I have been an expert in a number of similar cases. Did you known that a patient with gout has been shown to be a 2X the risk of DVT than age and sex matched non-gout patients? Should you therefore utilize a NOAC or ASA or LMWH on your gout patients with a fifth metatarsal fracte you are treating with a CAM boot? It is just that easy to make a wouda, coulda, shoulda case with thromboembolism litigation.
Yes, there are some patients who require preventive intervention. However, anticoagulants are not 100% successful, and carry their own specter of cost, complications, and sequela. I have treated multiple patients in my 50 years with a TMA for the effects of HIT associated with heparin use. The actual incidence of thromboembolism, particularly fatal pulmonary embolism, is extremely low in almost every published study. One study suggested that you would have to utilize prophylaxis in 10,000 foot and ankle patients in order to prevent one fatal PE.
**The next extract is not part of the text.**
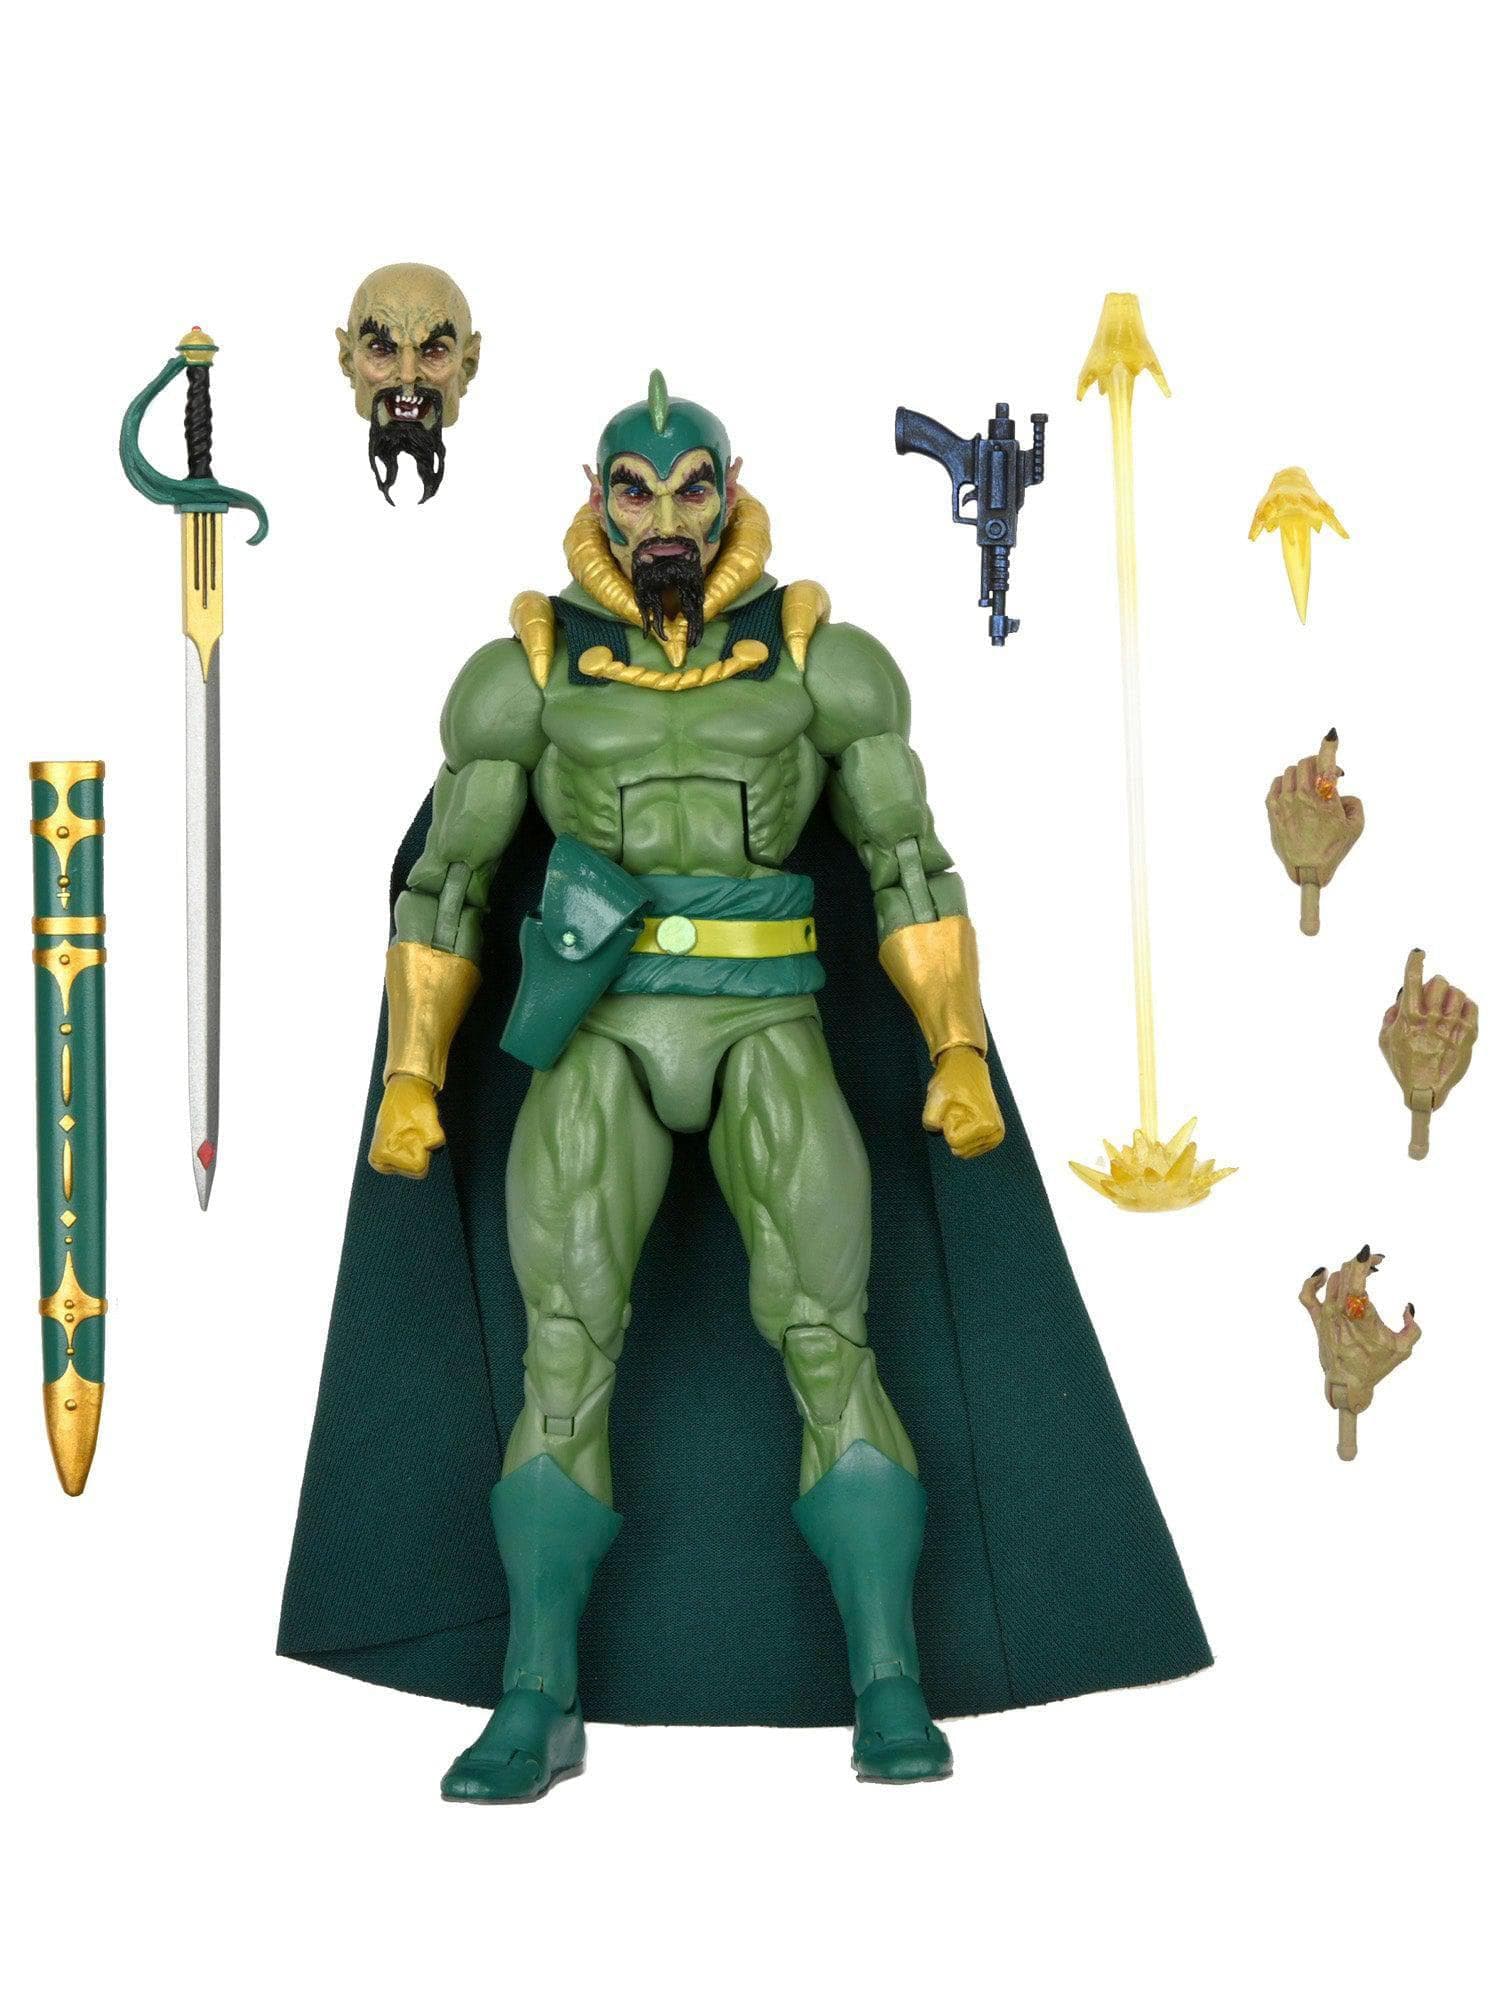 NECA - King Features - 7" Scale Action Figure - Original Superheroes Series Ming the Merciless - costumes.com

Finally, there is the issue of failure to recognize signs and symptoms of thromboembolic disease. When a patient is non-weight-bearing or immobilized, the medical record should include reasonable questioning and reasonable screening for DVT/PE. Sadly, many cases occur suddenly absent any preceding signs or symptoms. With reference to litigation, it is far better to document a negative examination than no evaluation. Whenever there is a question of differential diagnosis, it is best to ask yourself what is the worst diagnosis this could be, and rule that out first. That means D-dimer, or appropriate venous studies, or referral to the ED, or other appropriate investigation. remember, even venous doppler studies may be negative if a smaller clot has embolized prior to the study.
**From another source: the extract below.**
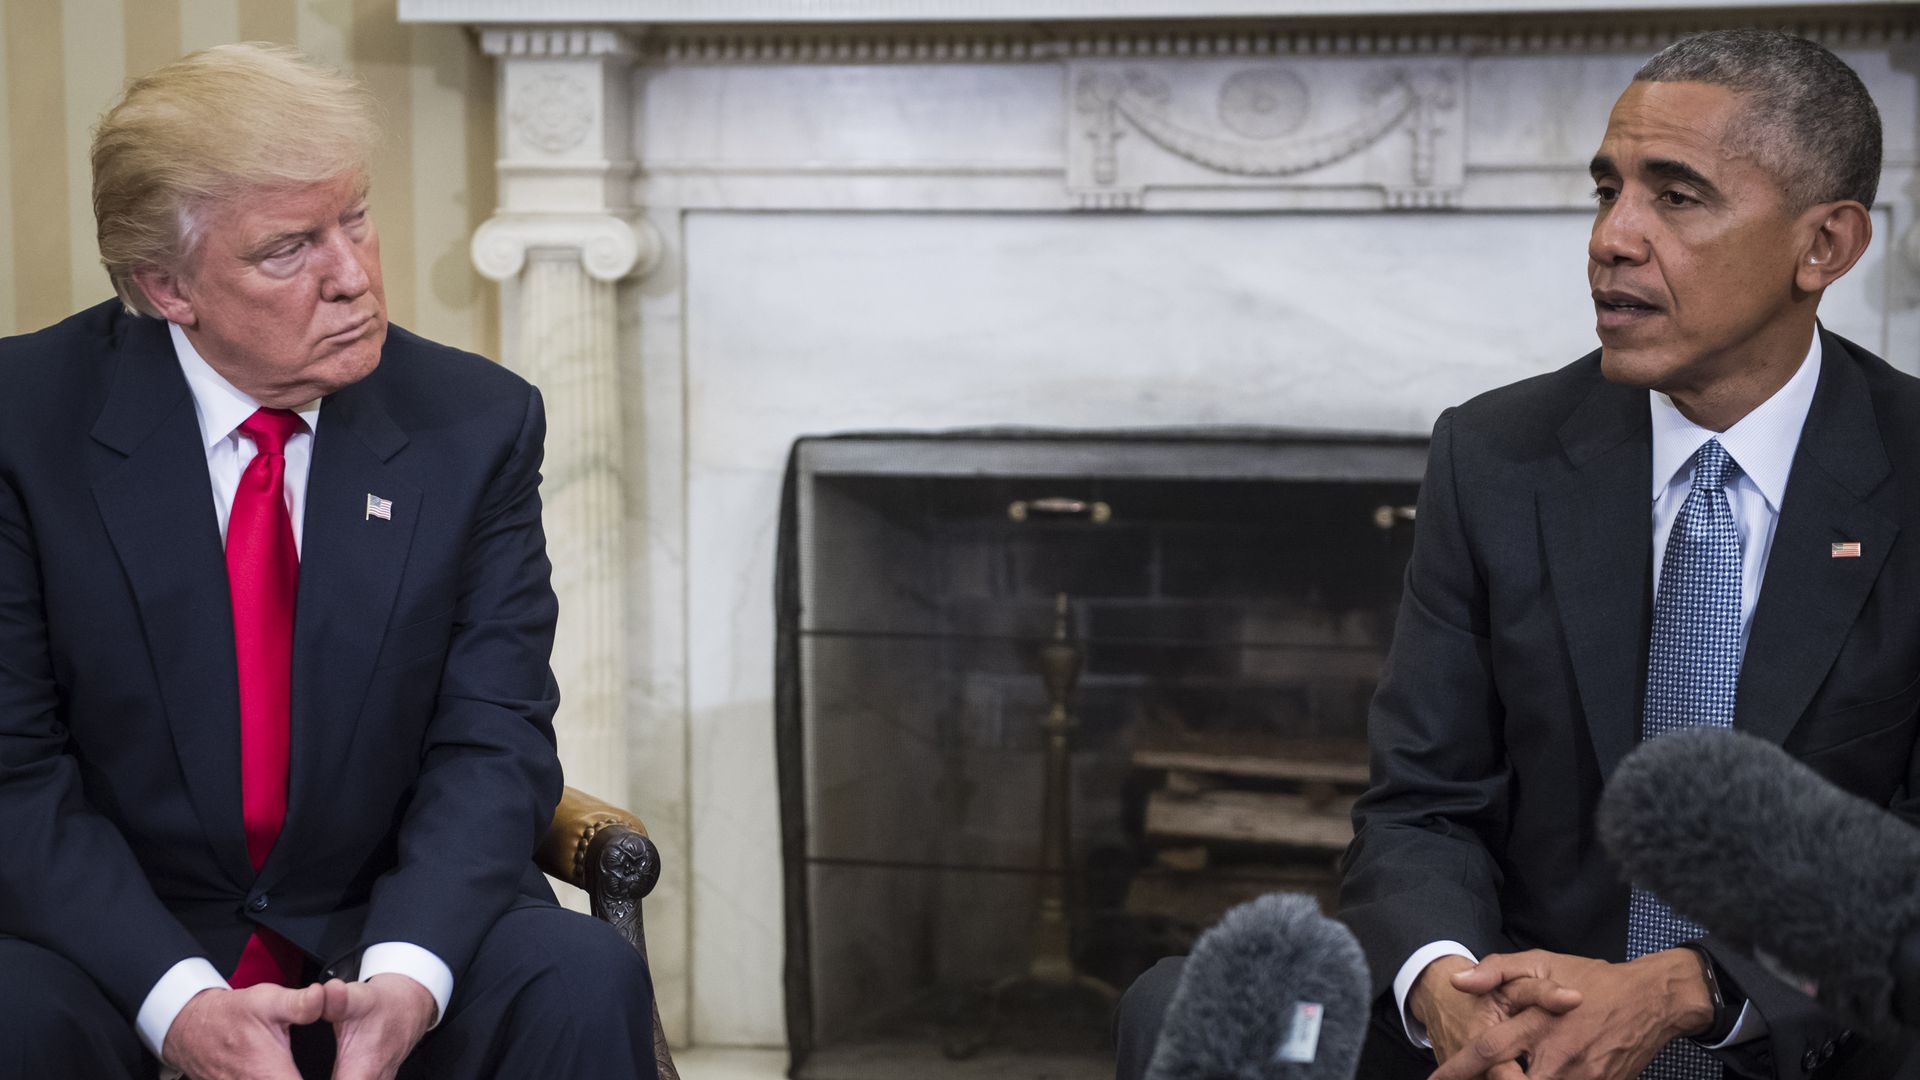 President Barack Obama and President Donald Trump in the Oval office

DVT and pulmonary embolism remains an important risk to our patients, and a potential litigation source. It is not a problem restricted to surgical patients. The suggestion that simply having an MD or DO "clear the patient" does not protect the patient following the initial MD or DO "clearance". It is not standard of care to screen all patients for the array of coagulopathies which are known to exists. We do the best we can to attempt to identify high risk patients or high risk circumstances, to check for signs and/or symptoms of thromboembolic disease, and act accordingly. However, even with ideal evaluation and screening, the best we can offer is statistical but not absolute protection to our patients. As my old professor Dr. James Ganley correctly noted, "the only place they practice perfect medicine in the the offices of plaintiffs lawyer.